> **The data**
-- Opening Marker --

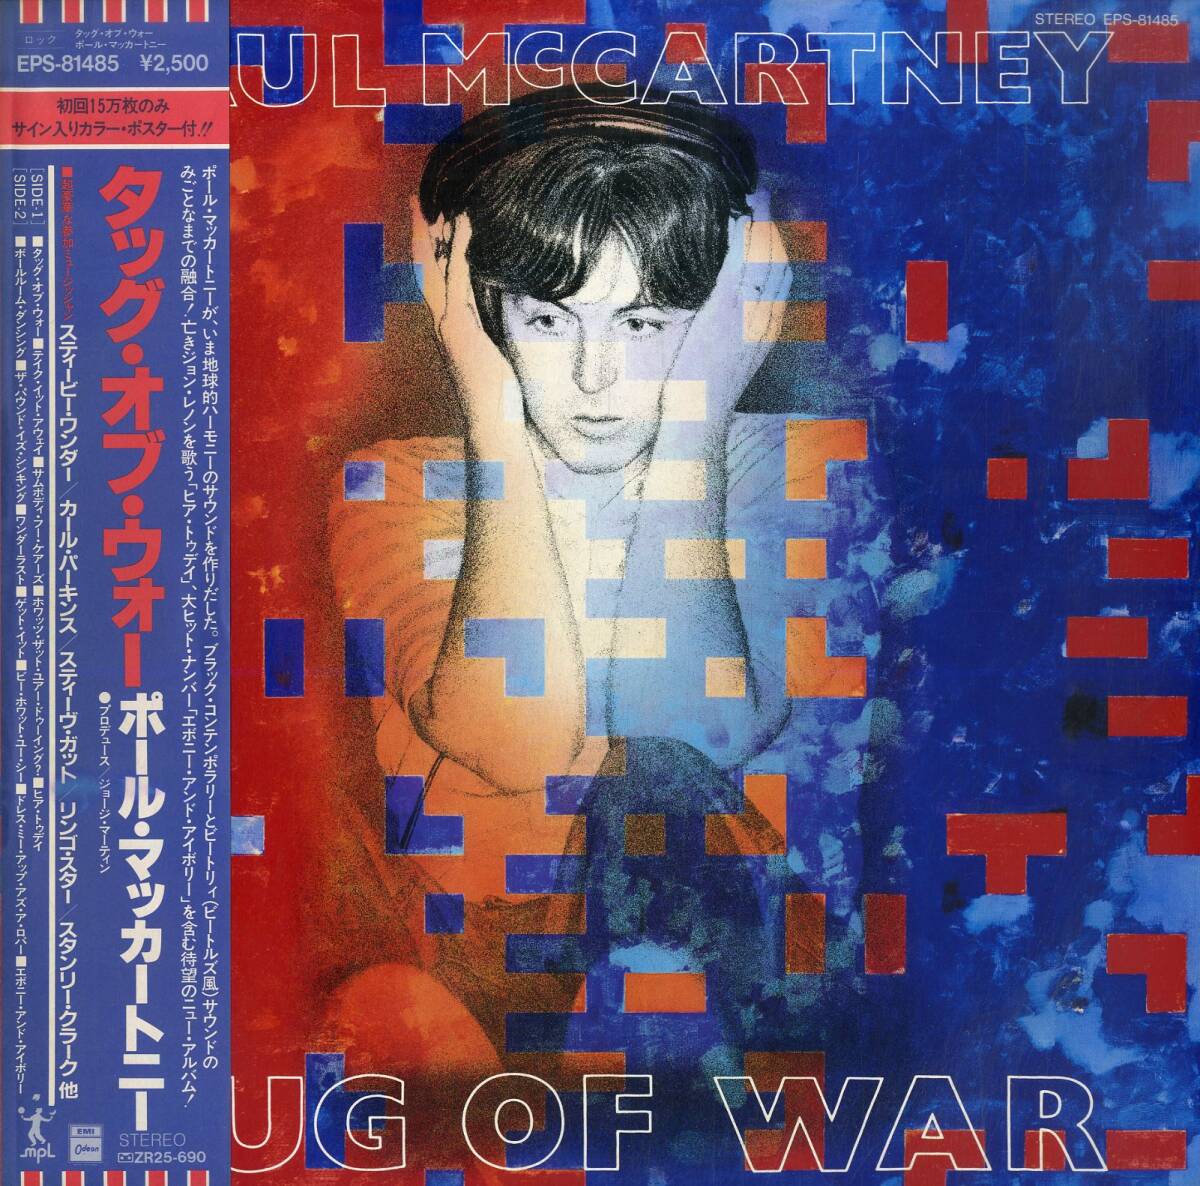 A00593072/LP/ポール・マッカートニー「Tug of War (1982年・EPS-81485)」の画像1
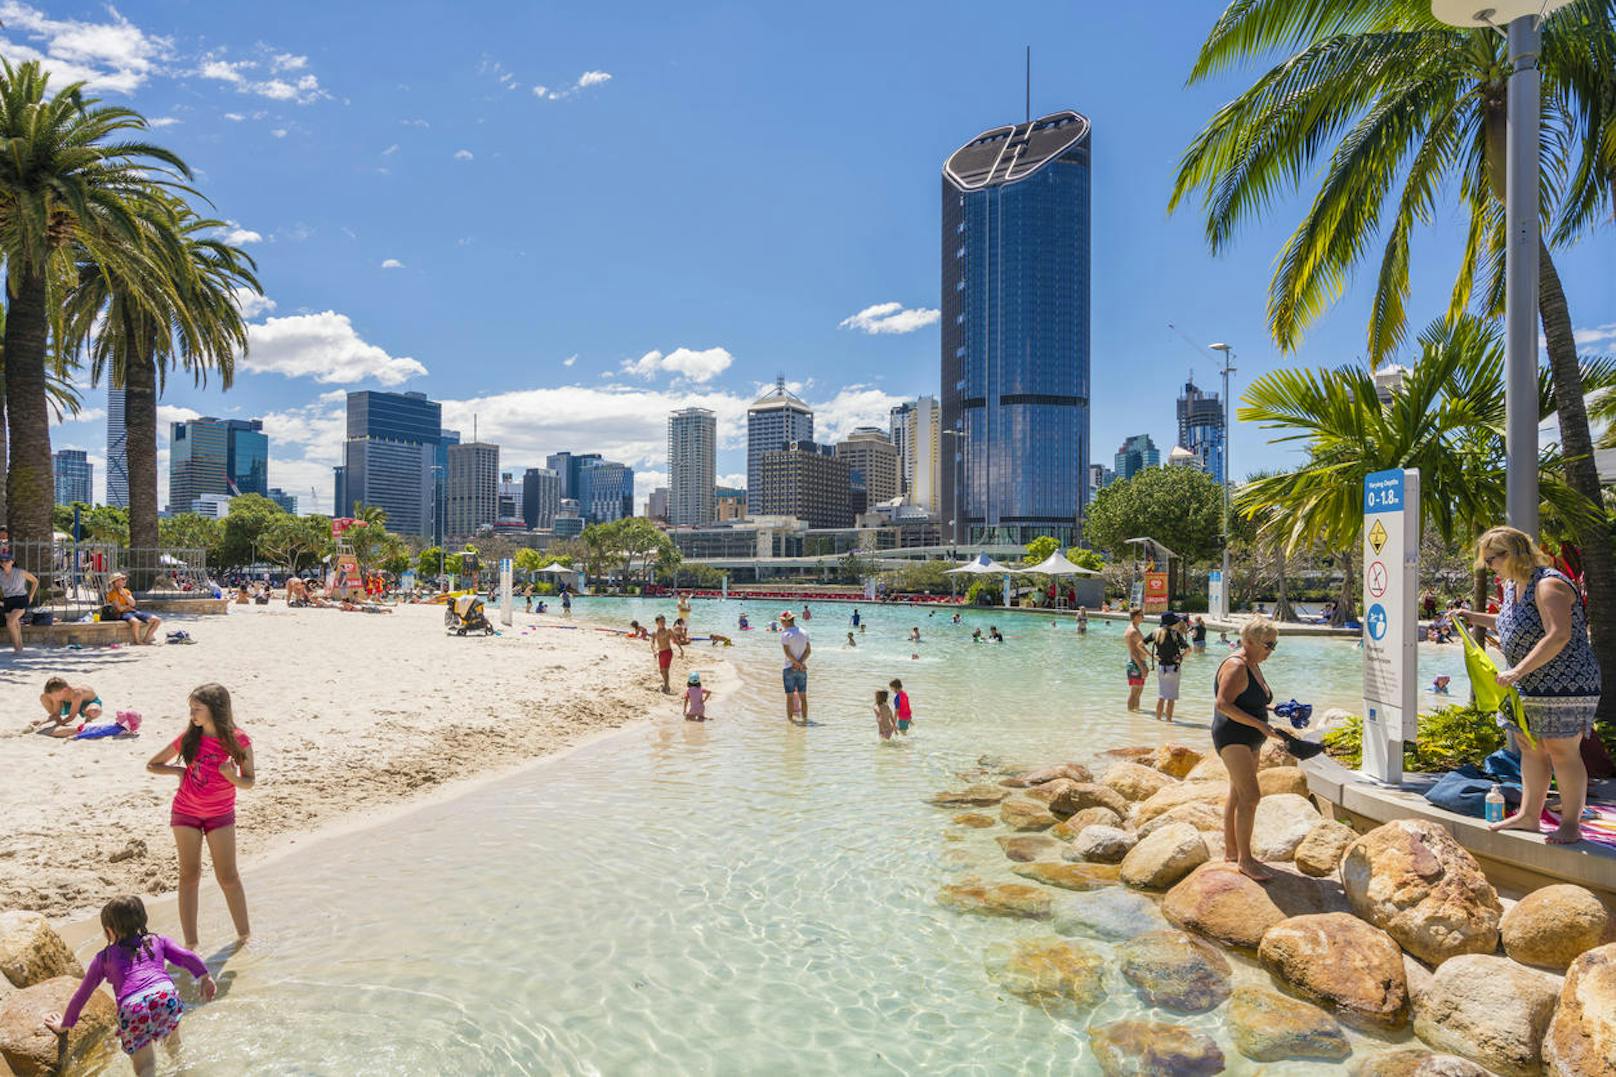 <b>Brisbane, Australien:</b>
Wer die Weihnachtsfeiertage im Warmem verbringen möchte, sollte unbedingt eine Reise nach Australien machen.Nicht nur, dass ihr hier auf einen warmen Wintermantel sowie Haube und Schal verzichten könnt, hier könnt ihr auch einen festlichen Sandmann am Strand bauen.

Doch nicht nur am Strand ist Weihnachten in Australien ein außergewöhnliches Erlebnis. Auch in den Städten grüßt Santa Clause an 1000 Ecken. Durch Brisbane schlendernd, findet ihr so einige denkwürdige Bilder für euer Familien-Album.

-- Closing Marker --

> **Exercise prompt**
Retype all of the material above exactly; the pictures stay out.

> **Written solution**
 A00593072/LP/ポール・マッカートニー「Tug of War (1982年・EPS-81485)」の画像1
 <b>Brisbane, Australien:</b>
Wer die Weihnachtsfeiertage im Warmem verbringen möchte, sollte unbedingt eine Reise nach Australien machen.Nicht nur, dass ihr hier auf einen warmen Wintermantel sowie Haube und Schal verzichten könnt, hier könnt ihr auch einen festlichen Sandmann am Strand bauen.

Doch nicht nur am Strand ist Weihnachten in Australien ein außergewöhnliches Erlebnis. Auch in den Städten grüßt Santa Clause an 1000 Ecken. Durch Brisbane schlendernd, findet ihr so einige denkwürdige Bilder für euer Familien-Album.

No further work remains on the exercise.